Ясность, на миг овладевшая им, пока он стоял посреди дороги, теперь растаяла. Ее место заняла слепая, ничего более не видящая паника. Вполне возможно, что он несся прямиком на японские пушки. Но даже знай он это наверняка, все равно не смог бы остановиться. Как будто дыхание и кровь слились воедино, в унисон врезав по его мозгу, подгоняя, заставляя бежать в этом направлении.
Арджун прыжками преодолел с десяток ярдов. Затем, тяжело дыша, привалился к стволу и оглянулся. Деревья образовали как будто линию прицеливания, в конце которой ясно виден был небольшой участок дороги, заключенный в круглую рамку, словно смотришь в телескоп. Танк за танком громыхали по шоссе. По обе стороны насыпи валялись машины 1/1 Джатского.

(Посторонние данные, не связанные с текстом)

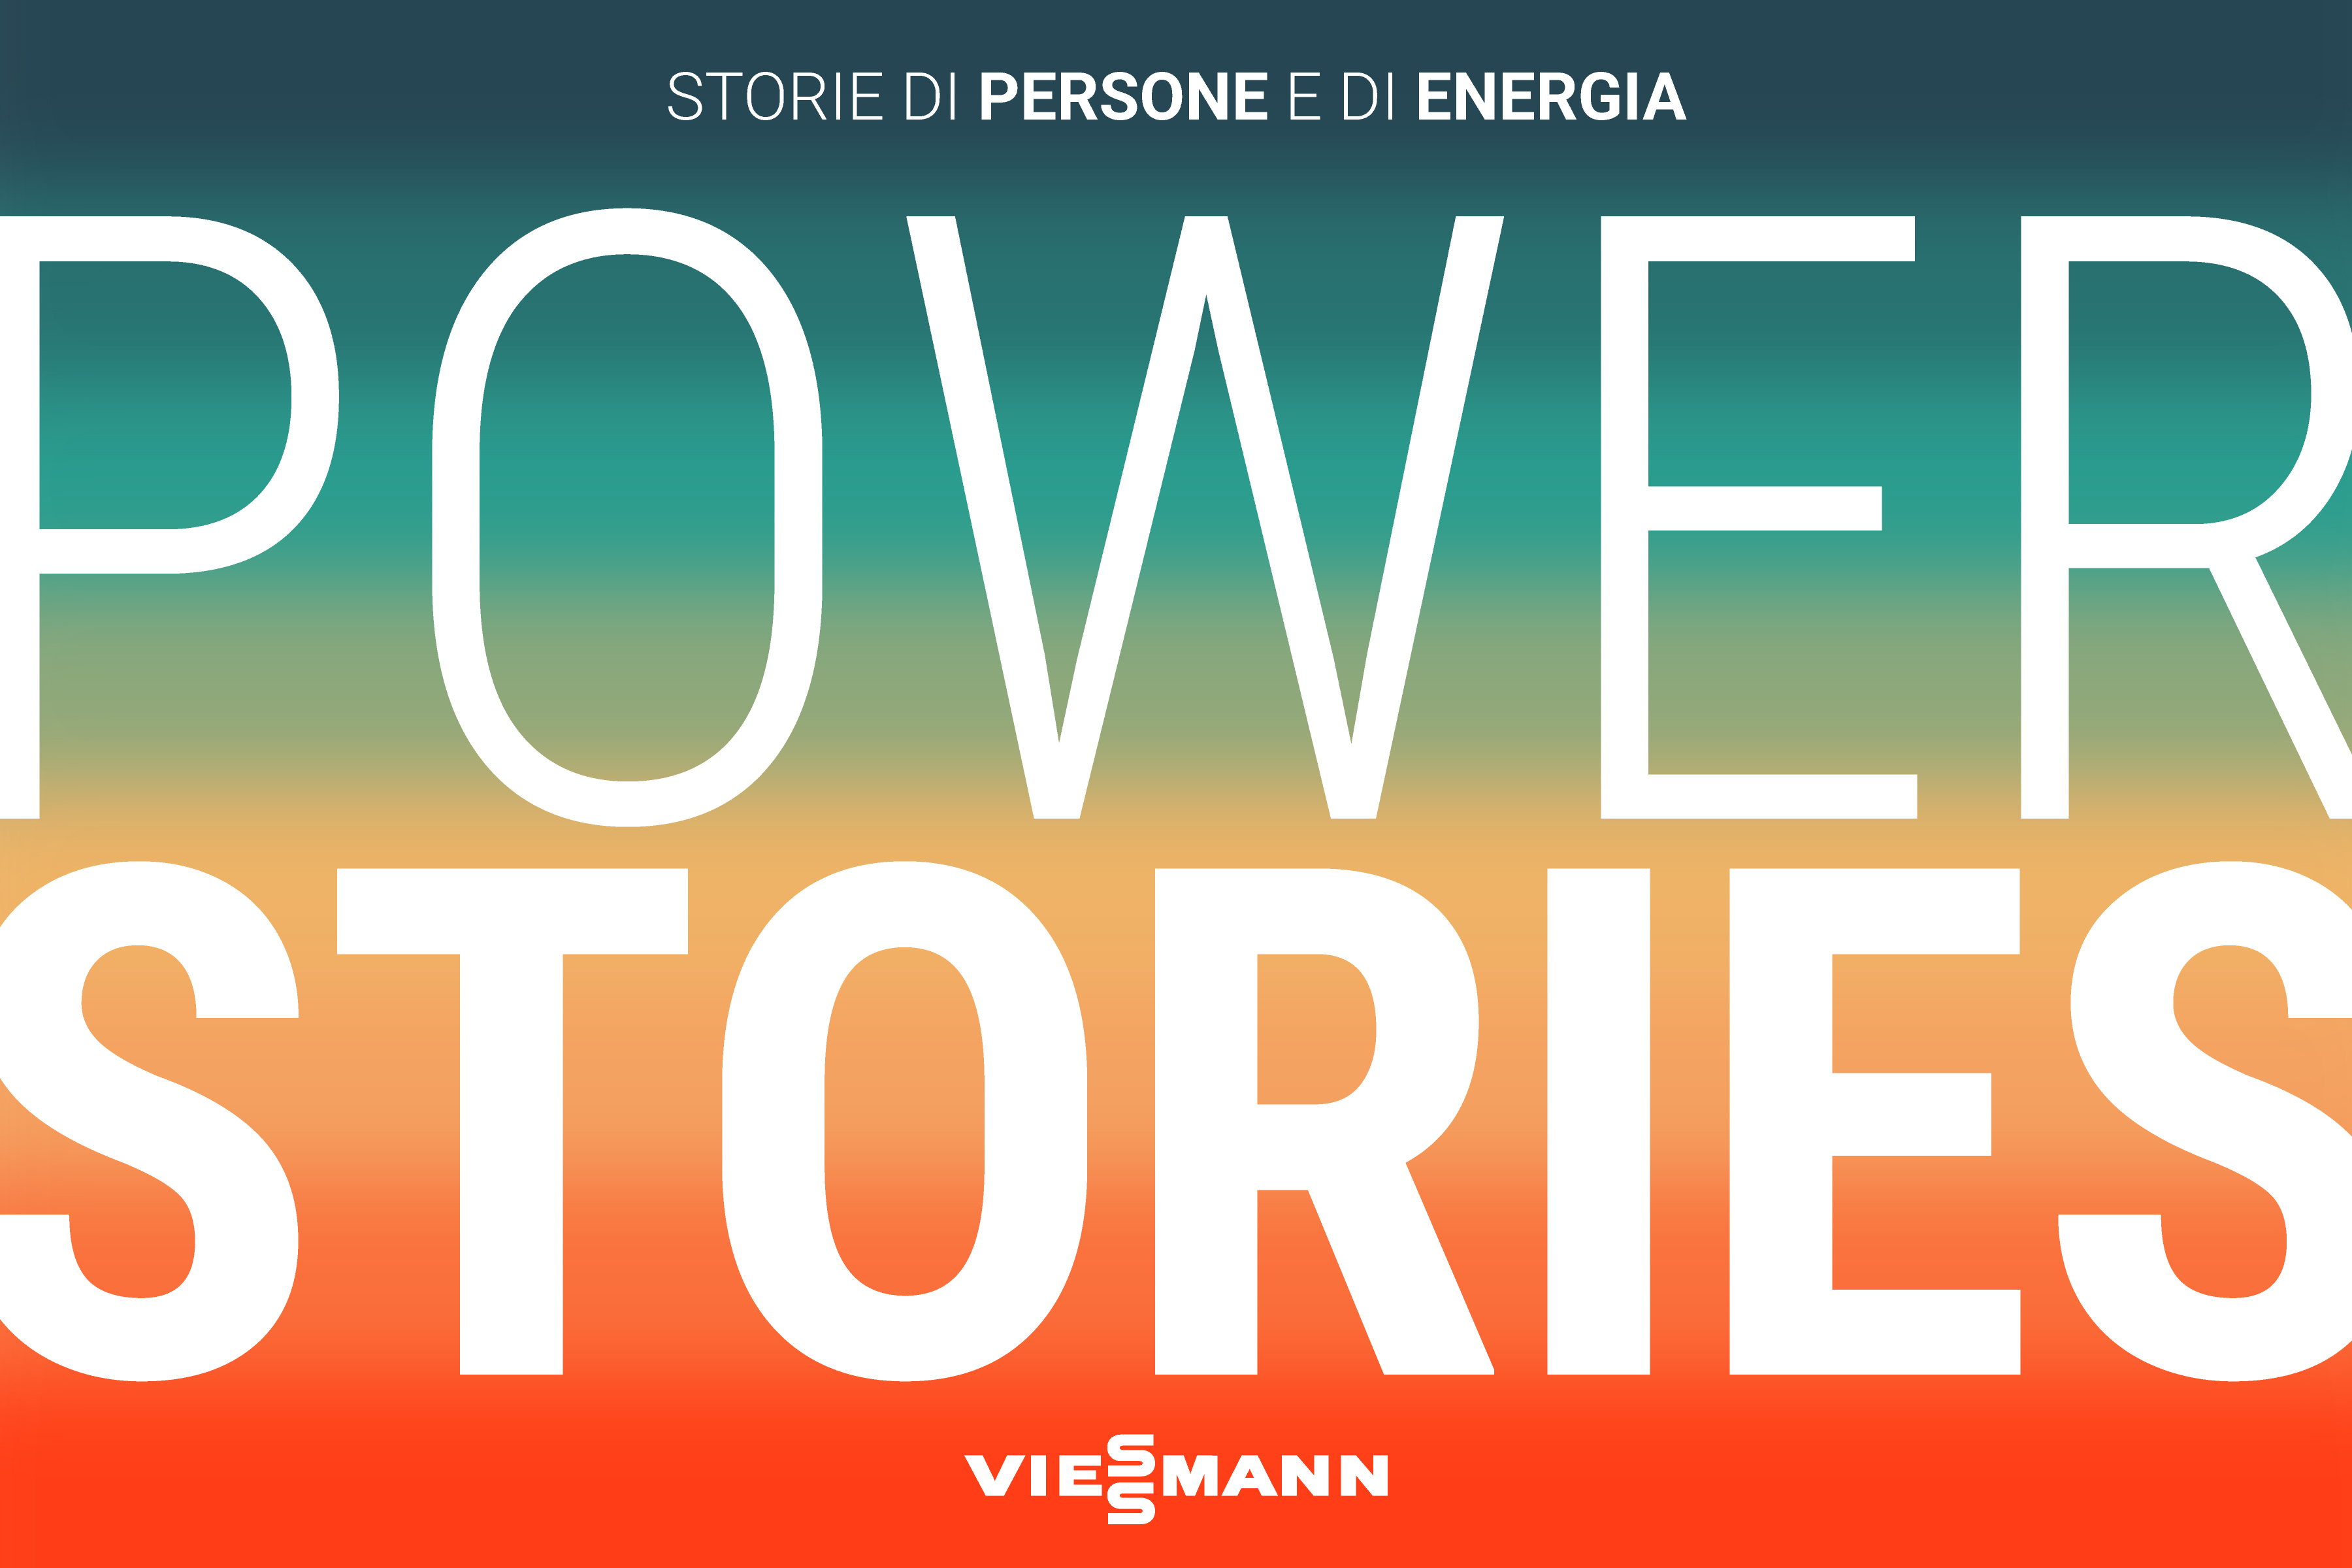 Power Stories: il podcast di Viessmann racconta storie di persone e di energia 
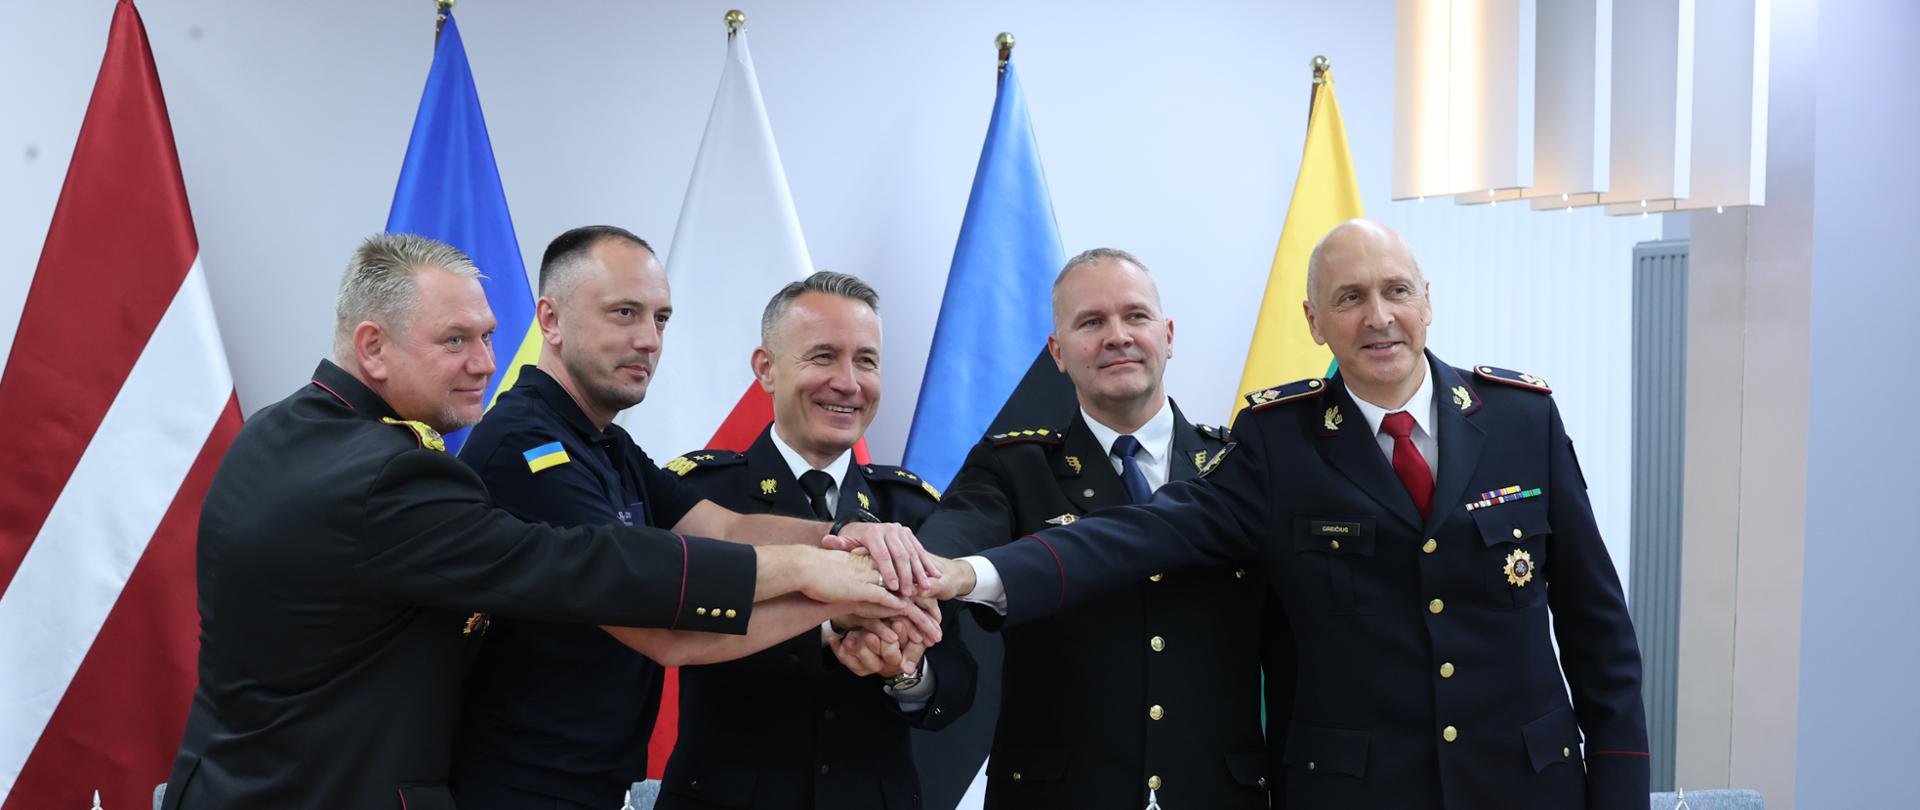 Na zdjęciu widać Szefów Służb Ratowniczych Ukrainy, Litwy, Łotwy, Estonii i komendanta głównego PSP którzy nakładają na siebie swoje dłonie wyrażając jedność. W tle flagi.

Некоторые перевернуты, некоторые охвачены огнем.
Эта картина была за пределами понимания. Арджун не в состоянии был объяснить, что произошло, даже самому себе. Это и есть то, что подразумевала фраза “Разгромить наголову”, – мешанина из страха, паники и стыда, хаотичное ощущение краха, будто каркас реакций, созданный годами обучения и тренировок, прогнулся и обвалился?
Перед глазами вдруг встала штаб-квартира их батальона в Сахаранпуре, здание, которое они прозвали Питомником, – длинное низкое бунгало, где располагалась офицерская столовая. Арджун подумал о висевших на стенах картинах в тяжелых золоченых рамах рядом с охотничьими трофеями – головами буйволов и антилоп нильгау, – по соседству ассегаи[135], скимитары[136] и оперенные копья, которые их предшественники привезли в качестве трофеев из Африки, Месопотамии и Бирмы. Он привык думать об этом месте как о родном доме, а о батальоне – как о большой семье, клане, соединившем тысячи воинов в величественную пирамиду взводов и рот. Как могло случиться, что эта вековая структура треснула, как яичная скорлупа, от одного внезапного удара – и вдобавок на этом абсолютно неправдоподобном поле боя, в лесу, высаженном коммерсантами? Была ли в этом его вина? Неужели старые англичане говорили правду, что индийцы уничтожат армию, став офицерами? Одно, по крайней мере, не вызывало сомнений: боевого подразделения 1/1 Джатский больше не существует. Отныне каждому солдату батальона придется самому позаботиться о себе.
Рюкзак остался в джипе, Арджуну и в голову не приходило, что уже через несколько минут он будет мчаться, не разбирая дороги, спасая свою жизнь. Все, на что он мог рассчитывать, было сейчас при нем. “Воблей” сорок пятого калибра, фляжка с водой и пояс с небольшим запасом всякой всячины.
Арджун огляделся. Где Харди? Где командир и капитан Пирсон? Он видел их мельком, когда бежал на плантацию. Но сейчас в сгущающемся сумраке трудно было разобрать, что там впереди.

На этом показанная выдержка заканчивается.